I have a question for the banned books week organizers and others who think they are opposed to “censorship” including the mistaken idea that “censorship” includes all exclusion of any books, anytime, anywhere.

I confess that I am a big fan of author Stephen King. I don’t enjoy much of the language in King’s books, but I choose to overlook that because I am not an impressionable child or young person and many of his books are extremely well-written with characters developed so vividly that I find myself caring what happens to them. In case you want to know, my favorite King piece is (and I find it hard to choose) “Hearts in Atlantis.” The movie was also very good. I just finished “reading” (actually listening to) King’s latest novel “Fairy Tales.” It was something of a disappointment, but I enjoyed following the main character’s “adventures.” King has a unique way of making his characters “come alive.” I can’t think of another author who does that as well, at least not for me.

However…I came across a reference to a banned King book from the distant past. It was originally written and published under a King pseudonym. It is one I have not read and for a good reason. It has been banned. It’s called simply “Rage.” Should it have been banned? Now, some critics will argue that it does not fall into the category of “banned books” because King himself asked that the publisher stop publishing it. However, after doing my research, I discovered that it was carried in most libraries, including many school libraries. So I went to my local library to find it. It took a long time for the very helpful librarian to find a copy of the book using his ILL search program. He found one copy in a distant state and it is contained in a one volume collection of King’s novellas written under his early pseudonym.

I searched various used books web sites and found a few old copies of the book for sale at extremely exorbitant prices. I think a typical cost was around $1k. Clearly, not only did King himself want the book dropped from publication and clearly not only did the publisher comply (which they would not have had to), but also clearly most libraries dropped it from circulation. I think it counts as a “banned book.” Can anyone find it in a public school library?

My question is this: Are the banned books advocates, I mean those who organize the “Banned Books Week” and the displays in libraries and bookstores, against the banning of “Rage?” Do they think “Rage” should have been kept in publication and/or in libraries? My larger question is “Aren’t there SOME books they think should be banned?” Is the “banning” of books always wrong? (I’m not here asking about government censorship.) Are there no exceptions? Why is “Rage” and books like it never included in the displays I see which always (in my experience) include only books MOST people see and automatically think “THAT shouldn’t have been banned!” That’s what I think when I examine the books on display. But then I think of “Rage” and similar books. Should I have been required to read “Catcher in the Rye” in seventh grade? I didn’t think so. I even protested being required to read it—in that grade. The teacher and principle brushed off my challenge as unworthy of consideration.

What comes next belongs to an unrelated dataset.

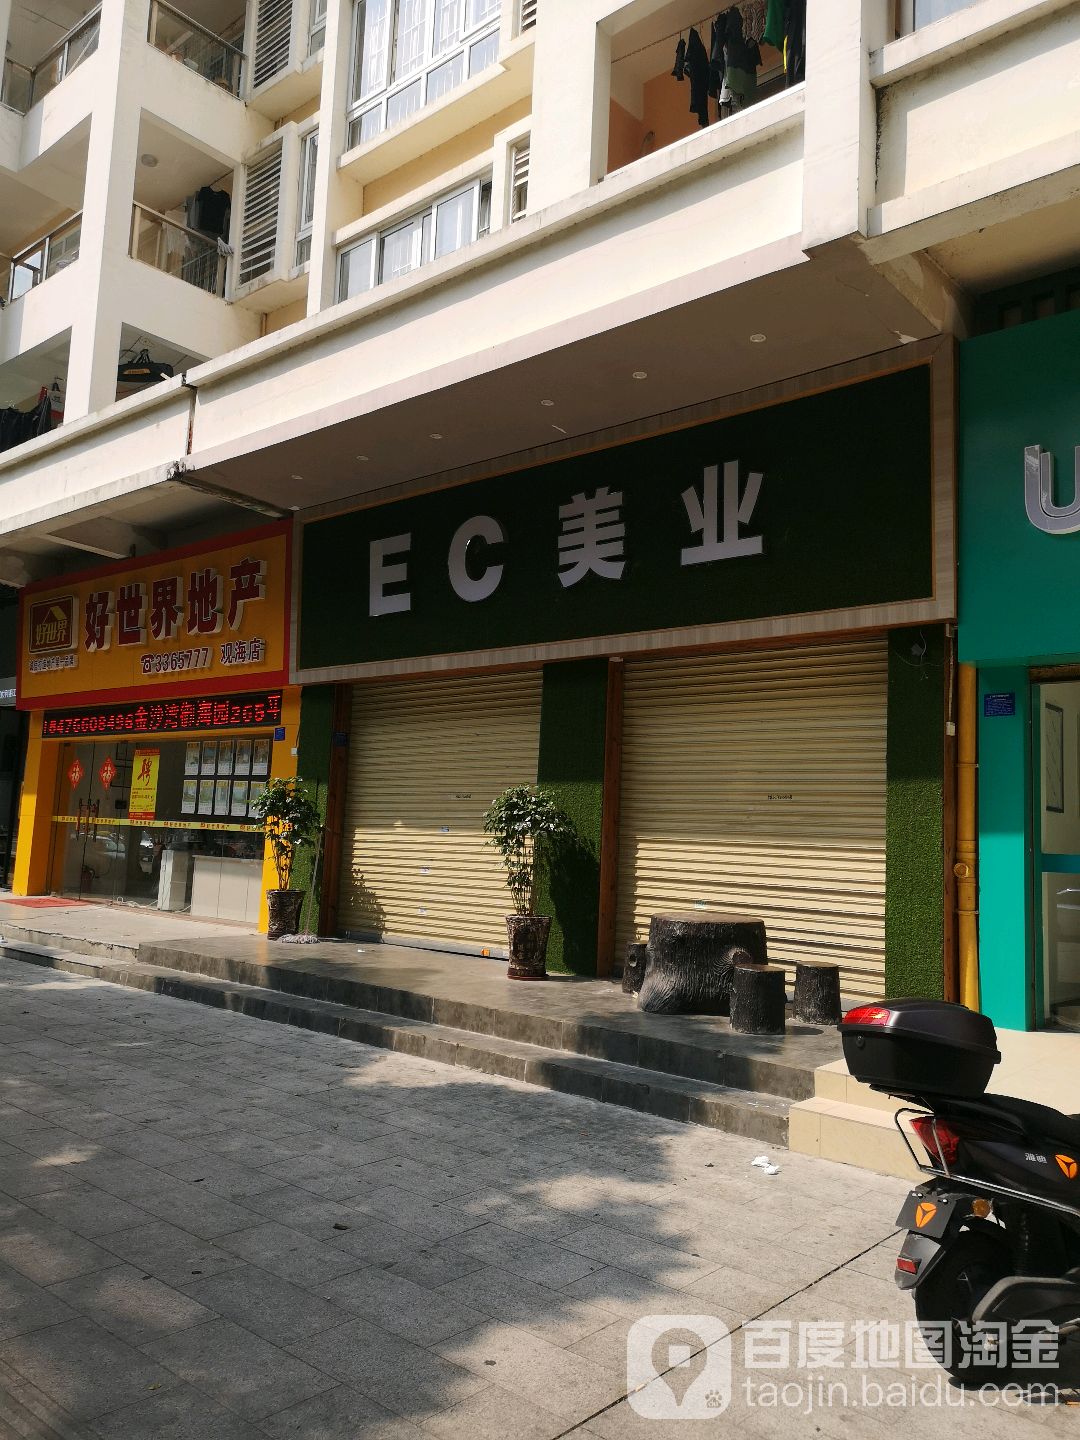 EC美业(海祥路店)

The one good thing that came from being required to read “Catcher in the Rye” then, at that age, was that it launched me on a search for anything else written by the same author and I loved “Franny and Zoe” and “Raise High the Roofbeam, Carpenters” and other of his writings which I still consider much better literature than “Catcher in the Rye” even though they are very little known. To this day I cannot understand why “Catcher in the Rye” is considered “great literature” by anyone.

Did/do I want “Catcher in the Rye” banned? No. Except that it should be required or recommended reading ONLY age-appropriately. Is that “book banning?” I don’t think so. I think parents and students have a right to request that certain books be required or recommended reading only for students at certain ages and levels of maturity. I do not think THAT is “book banning.”